The bonus is a one-off payment of £1,000 for every employee that the employer claimed under the job retention scheme and “who remains continuously employed through to January 31, 2021,” HMRC said, adding that to be eligible, “employees must earn at least £520 a month on average” between November 1, 2020, and January 31, 2021.

Bonus payments will be made to employers from February 2021. Employers should ensure that they have complied with Pay As You Earn obligations, HMRC said, adding that failure to maintain accurate records may jeopardize a claim. Payment of the bonus will be withheld if HMRC believes there is a risk that coronavirus job retention scheme claims “may have been fraudulently claimed or inflated.”

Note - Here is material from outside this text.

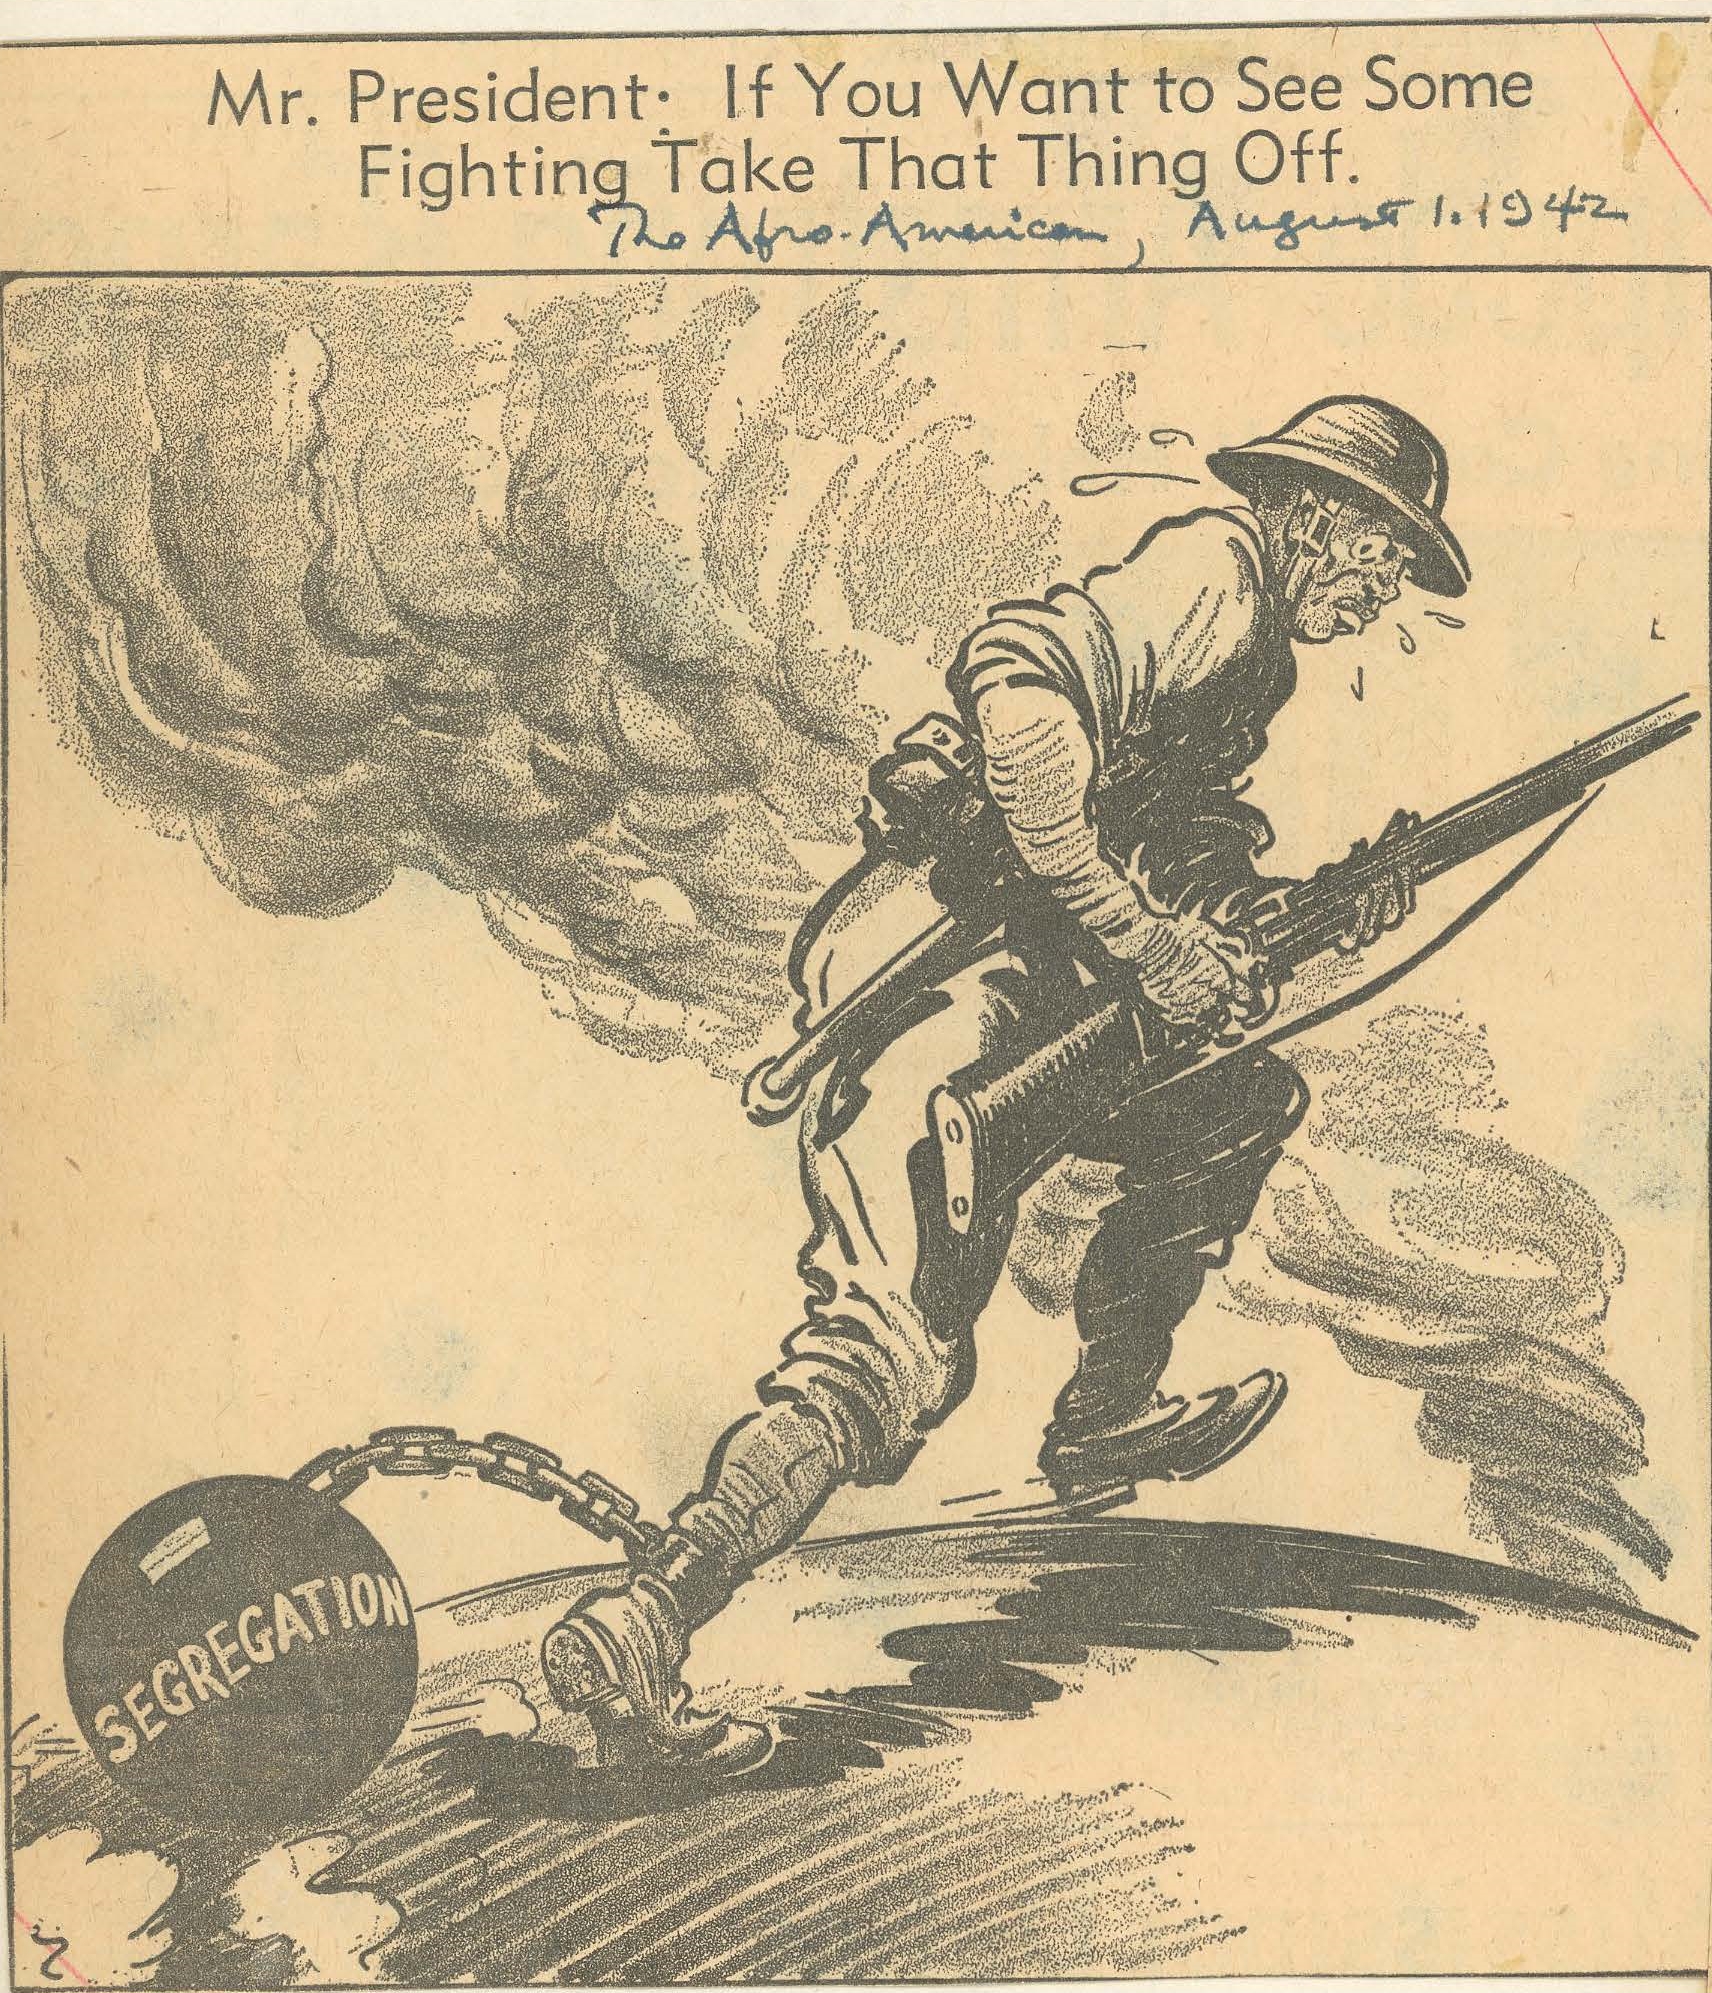 The political cartoon depicts an African-American soldier leaning forward carrying a weapon. A ball and chain is shackled to his right ankle. The ball is labeled "SEGREGATION." The caption reads "Mr. President: If You Want to See Some Fighting Take That Thing Off. African-American, August 1, 1942"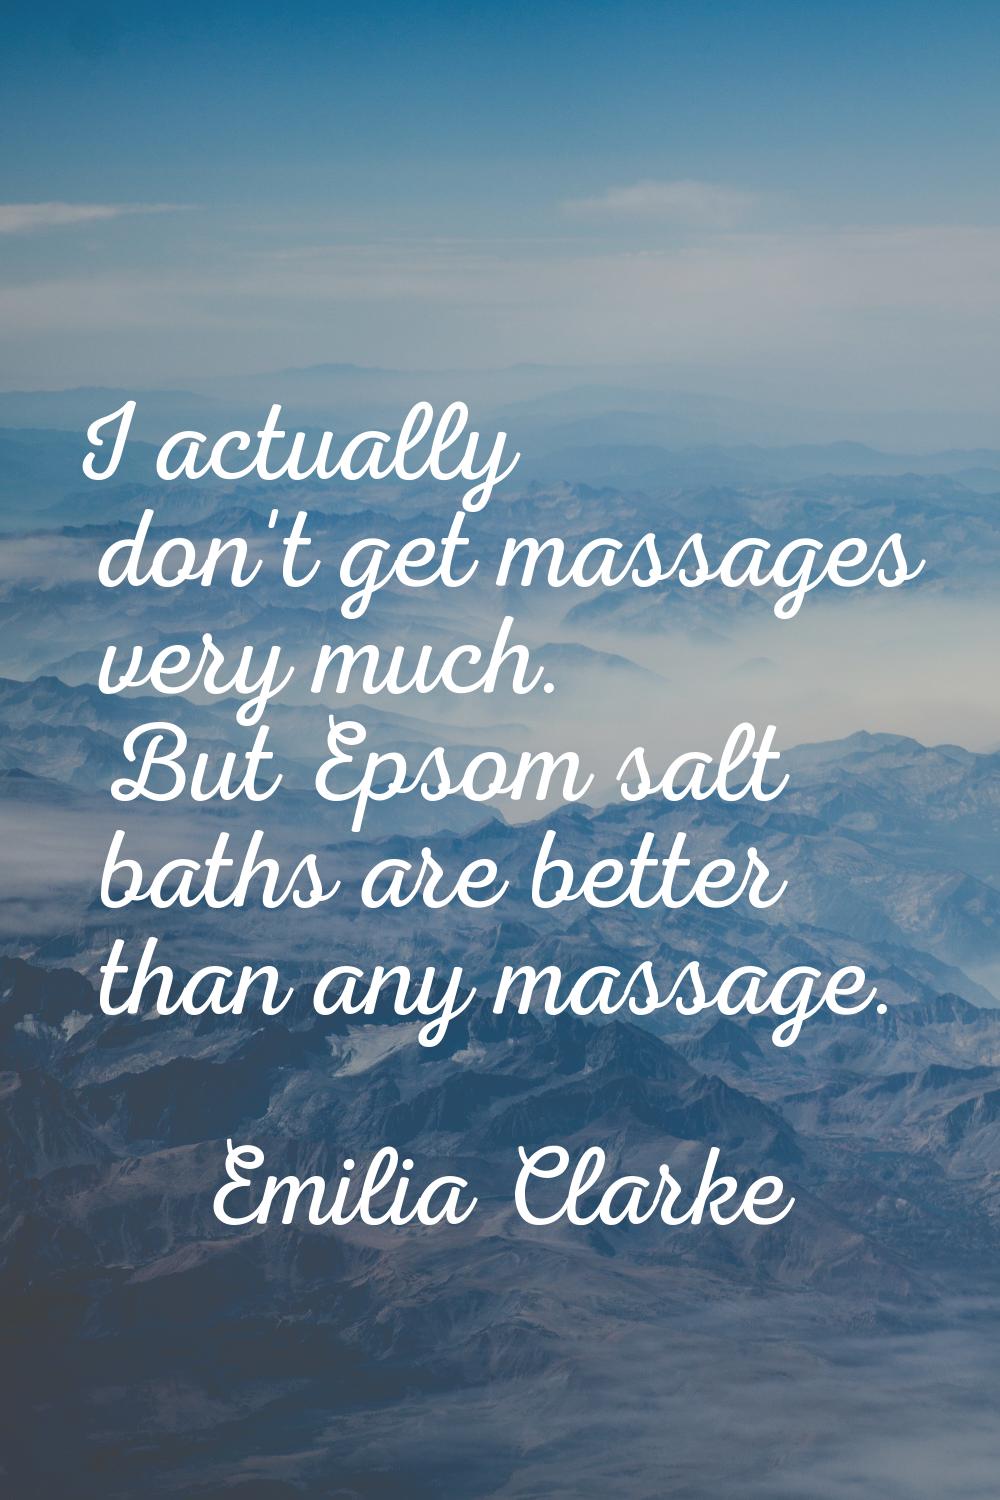 I actually don't get massages very much. But Epsom salt baths are better than any massage.

A survey of businesses indicated that 43 percent of firms intend to access the job retention bonus. “A further 40 percent will not use the scheme,” the British Chambers of Commerce said in an August 5 release. The organization called on the government to “reduce the overall cost burden on firms to protect business and preserve as many jobs as possible in the coming months.” It recommended an “18-month expansion” of the employment allowance against employers' National Insurance contributions from £4,000 to £20,000, and an increase in the contributions threshold for employers.

“With confidence and demand not returning at the scale firms need, the government must take radical steps to slash the tax burden around employment to help companies pay valued staff,” Claire Walker, co-executive director of the British Chambers of Commerce, said.